# How to Copy and Paste in Excel

When we think of copy and paste in a general sense, we usually don’t consider any other needs than transferring a string value from source to destination.

**But there’s so much more to it!**

We’re going to show you the most powerful (and easiest) ways of copying and pasting in Excel.

When you’ve got the hang of it – which you’ll have by the end of this tutorial – your daily work is going to become so much relaxed.

**So grab a cup of coffee and let’s get right into copying and pasting in Excel!**

**Follow along by downloading our sample file right below!**

## The Basics

Microsoft Excel offers a ton of options when pasting a copied element to the clipboard.

Anything from values to formulas to formatting.

Due to the fact that Excel is not just some word processor, there is a great need for these many options. There is even a way to take a copied row region and transpose it to a column when pasting, and vice versa!

We won’t spend time on those types of options, but be informed nonetheless that these types of options are available.

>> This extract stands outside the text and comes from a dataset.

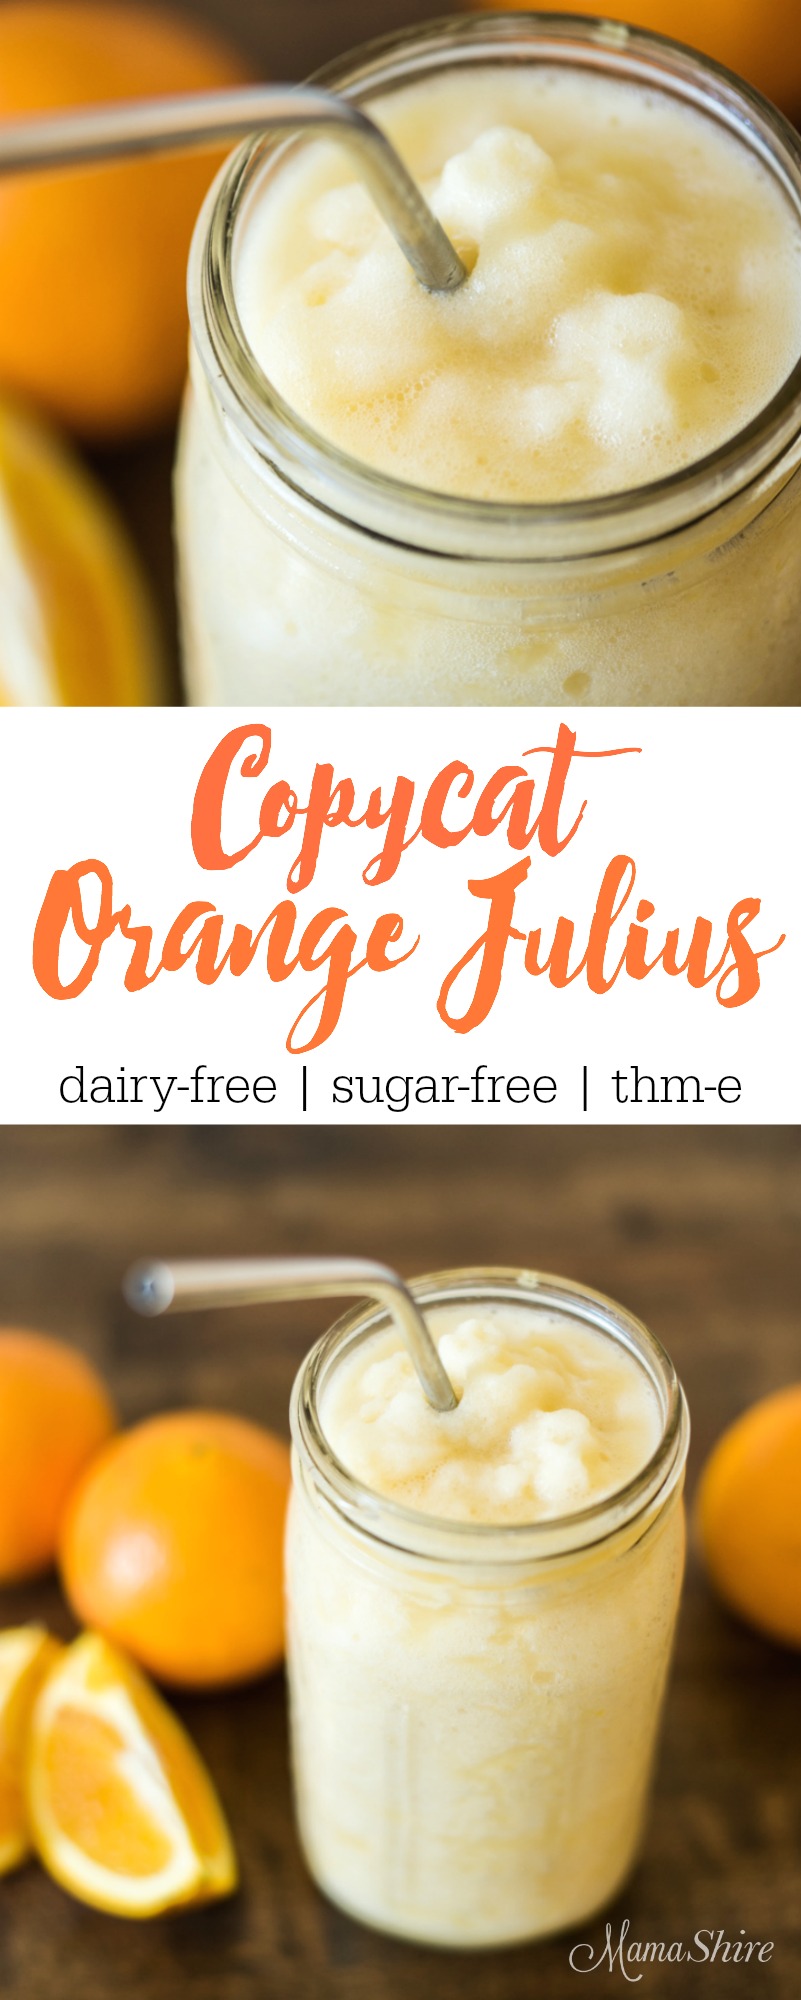 Try this delicious and healthy Copycat Orange Julius that's dairy free! It's super easy to make and so refreshing! Gluten-free, Sugar-free, THM-E

For this tutorial, we will focus on the most important and most used types of copy and paste operations in Microsoft Excel.

This guide is written for Excel 2016 for Windows, but no matter what version of Excel you’ve got you should be able to follow along

**The first thing to do?**

Get familiar with the ‘Clipboard’ section of the Home tab on the ribbon.

In this Clipboard section there are 4 elements:

**‘Paste’**which is symbolized by the clipboard and sheet**‘Cut’**which is symbolized by the scissors**‘Copy’**which is symbolized by the two sheets**‘Format Painter’**which is symbolized by the paintbrush

This section of the Home tab is on the far left side of the ribbon just before the Font section.

If we click on the small arrow at the lower left corner of the Clipboard section, it expands to show the most recently copied elements still on the clipboard.

If we click on an element on the clipboard it will highlight that element and there will be a drop-down arrow on the far right with two options to either ‘paste’ or ‘delete’.

*Note that there is also an option to either ‘Paste All’ or ‘Clear All’ at the top of the window.*

## How to Copy and Paste Formulas

There may be situations in which we might prefer to copy and paste a formula from one cell to another so that we don’t have to retype the entire formula all over again.

**I mean, wouldn’t we prefer to be able to just make a few mouse clicks?**

Rather than retyping something like this:

‘=IFERROR(SUM(INDIRECT(“‘”&”Sheet1″&”‘!”&ADDRESS

(MATCH($A4,’Sheet1’!$A:$A,0),3)):INDIRECT(“‘”&”Sheet1″&”‘!”

&ADDRESS(MATCH($A4,’Sheet1’!$A:$A,0)

,COUNTIF(‘Sheet1′!$1:$1,”<“&TODAY())+2))),””)’

Without the ability to paste formulas, Excel’s innovative functions would reach the point of diminishing returns very quickly.With that in mind, let’s get started with how to copy and paste formulas!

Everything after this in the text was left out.